Suzaku studies supernova 'crime scene,' shows a single white dwarf to blame
Using archival data from the Japan-led Suzaku X-ray satellite, astronomers have determined the pre-explosion mass of a white dwarf star that blew up thousands of years ago. The measurement strongly suggests the explosion involved only a single white dwarf, ruling out a well-established alternative scenario involving a pair of merging white dwarfs.
"Mounting evidence indicates both of these mechanisms produce what we call type Ia supernovae," said lead researcher Hiroya Yamaguchi, an astrophysicist at NASA's Goddard Space Flight Center in Greenbelt, Maryland. "To understand how these stars explode, we need to study the debris in detail with sensitive instruments like those on Suzaku."
The researchers analyzed archival observations of a supernova remnant named 3C 397, which is located about 33,000 light-years away in the constellation Aquila. Astronomers estimate this cloud of stellar debris has been expanding for between 1,000 and 2,000 years, making 3C 397 a middle-aged remnant.
The team made clear detections of elements crucial to weighing the white dwarf using data from Suzaku's X-ray Imaging Spectrometer. The observation, made in October 2010 at energies between 5,000 and 9,000 electron volts, provided a total effective exposure of 19 hours.
Infrared data from NASA's Spitzer Space Telescope provided insight into the amount of gas and dust the expanding remnant has gathered up as it drives into interstellar space. The observations, from April 2005, indicate 3C 397 has swept up a mass some 18 times greater than the original white dwarf. As a result, the team concludes that shock waves have thoroughly heated the remnant's innermost parts.
Most low- and medium-mass stars similar to the sun will end their days as white dwarfs. A typical white dwarf is about as massive as our sun yet roughly the size of Earth. This makes white dwarfs among the densest objects scientists know of, surpassed only by neutron stars and black holes.
"White dwarfs remain stable as long as they never tip the scales too closely to 1.4 solar masses," said team member Carles Badenes, an assistant professor in the Department of Physics and Astronomy at the University of Pittsburgh in Pennsylvania. "White dwarfs near this limit are on the verge of a catastrophic explosion. All it takes is a little more mass."
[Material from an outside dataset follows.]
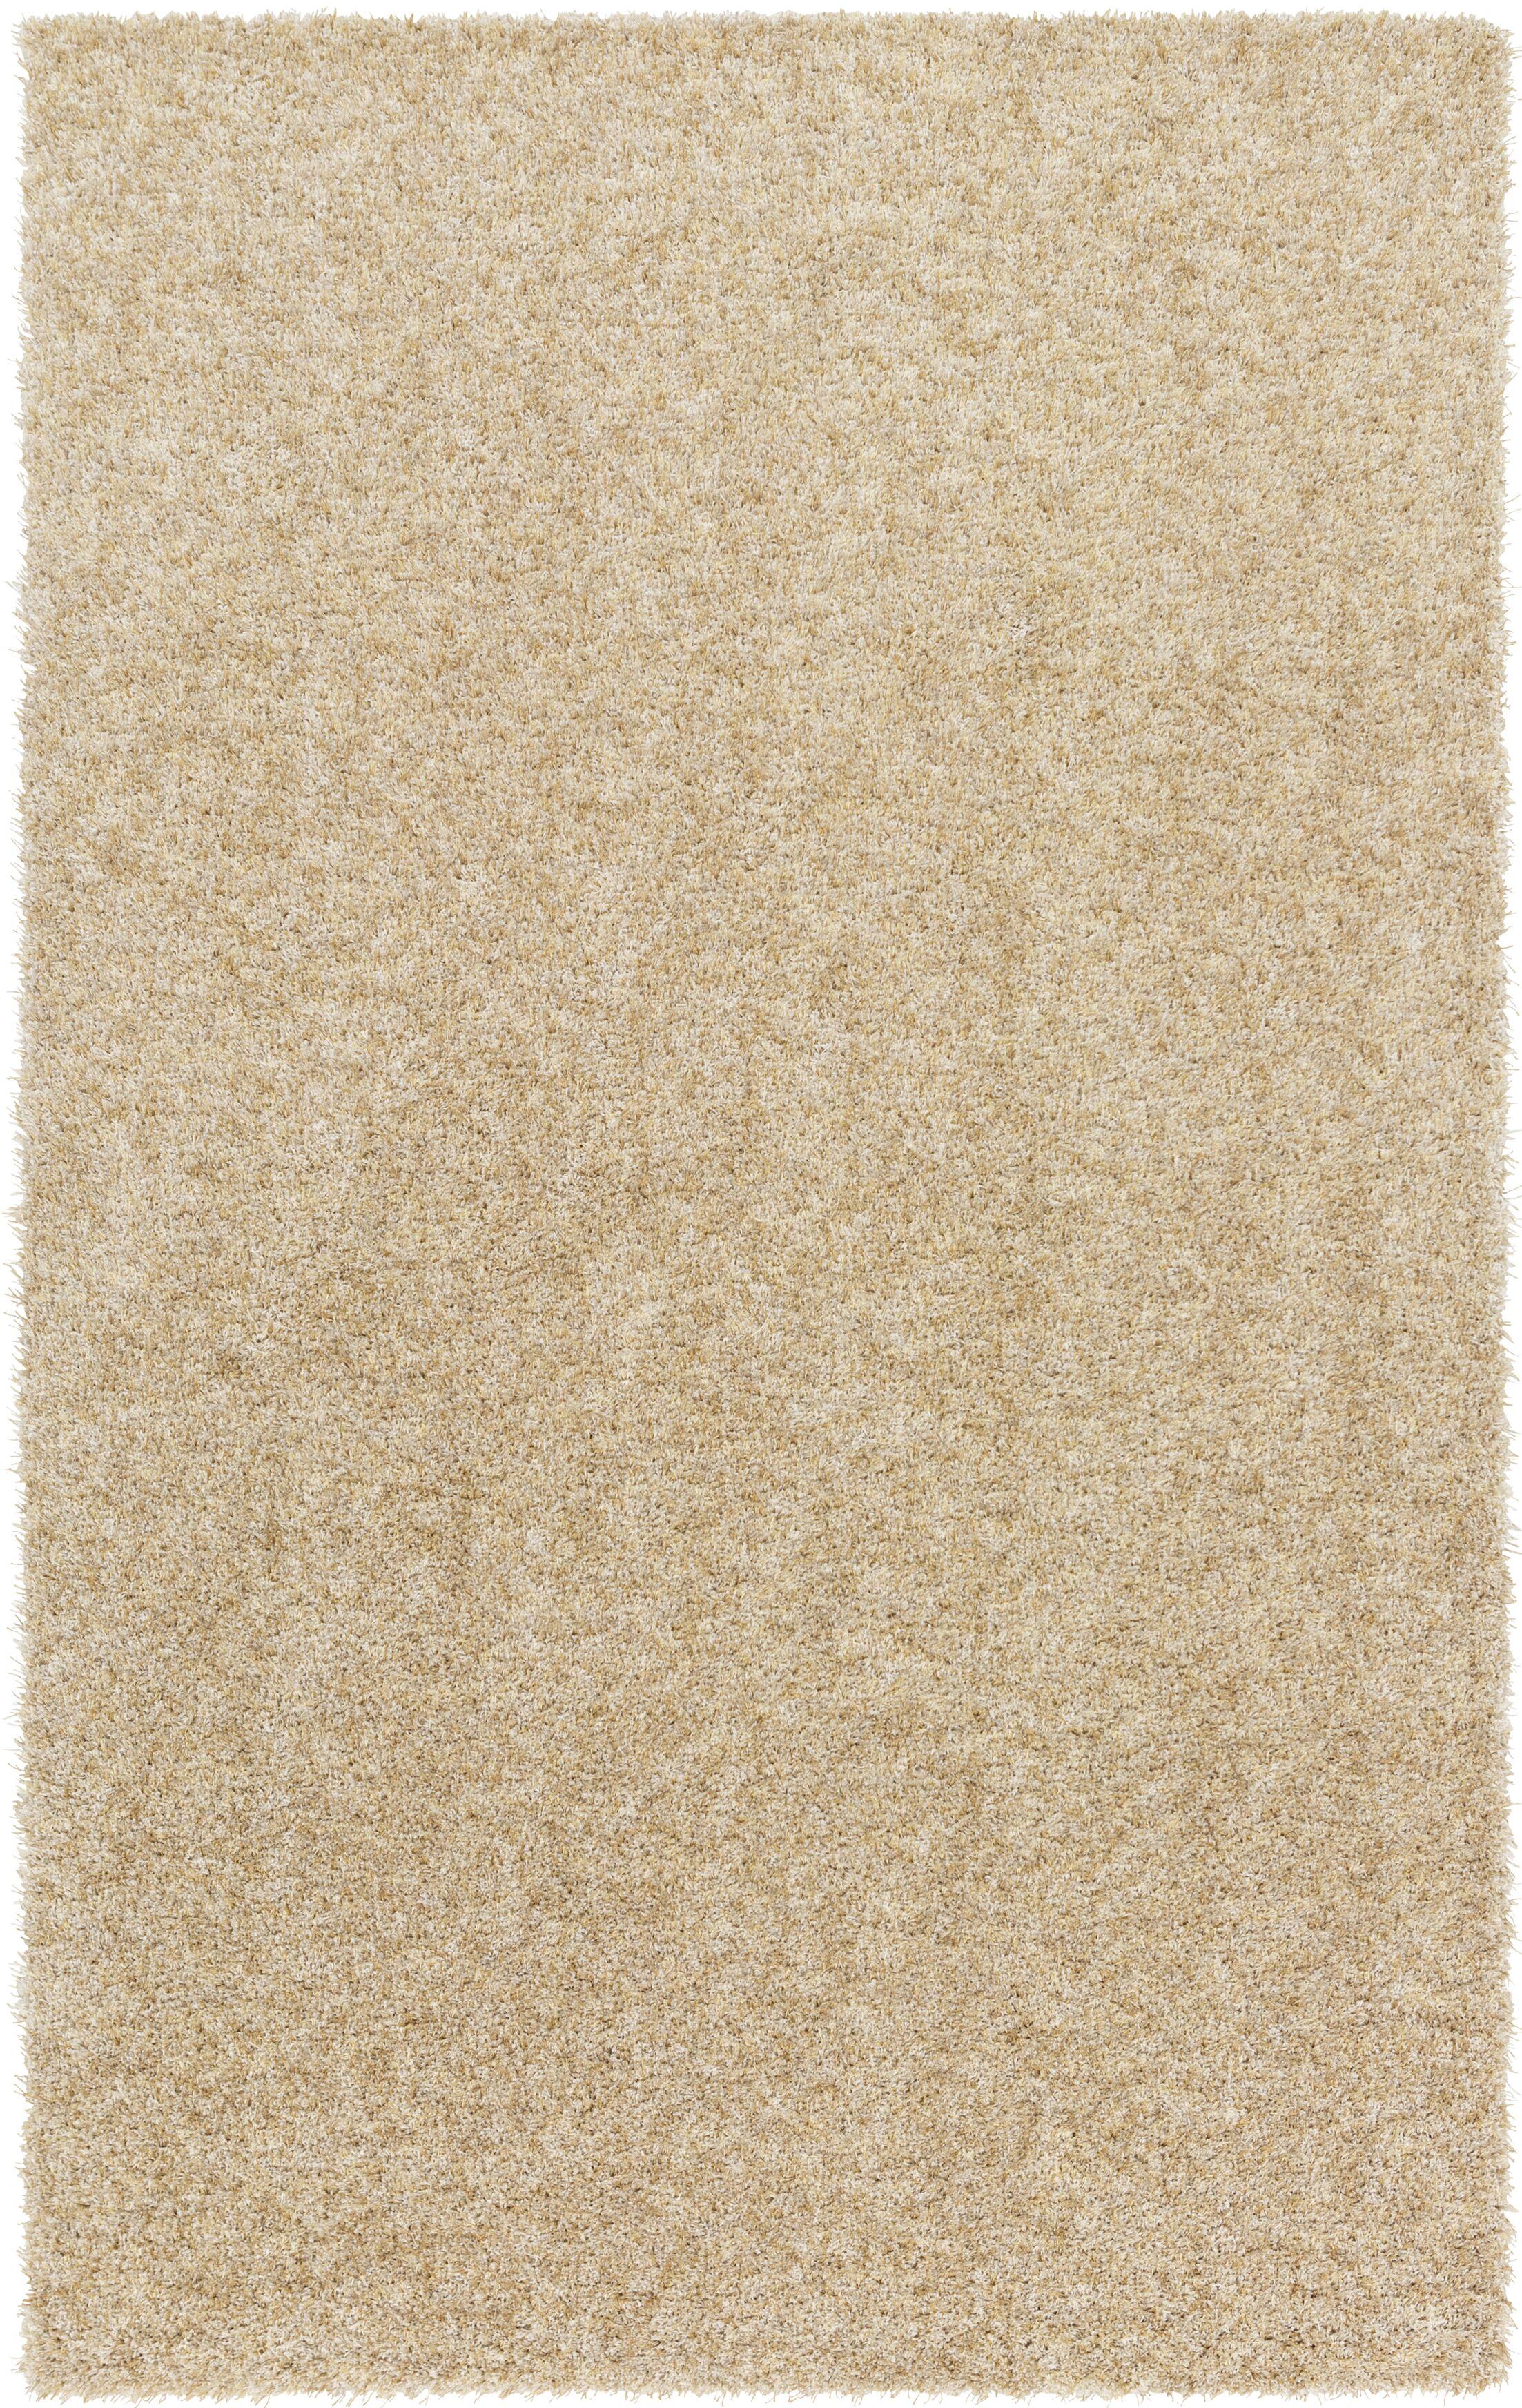 Dulcia Beige Area Rug Rug Size: Rectangle 6' x 9'

Until recently, astronomers thought the most likely way for a white dwarf to gain mass would be as a member of a close binary system with a normal sun-like star. By accumulating matter from its companion, the white dwarf can, over millions of years, nudge itself closer to the limit and explode. The companion stars are expected to survive, but astronomers find scant evidence for them, suggesting the need for an alternative model. In the merger scenario, the blast is triggered by a pair of lower-mass white dwarfs, whose orbits tighten over time until they eventually merge and explode.
"We can distinguish which of these scenarios is responsible for a given supernova remnant by tallying the nickel and manganese in the expanding cloud," said Goddard astrophysicist Brian Williams. "An explosion from a single white dwarf near its mass limit will produce significantly different amounts of these elements than a merger."
The team also measured iron and chromium, which are produced in all type Ia explosions, as a way to standardize their calculations.
The study was published March 12 in The Astrophysical Journal Letters.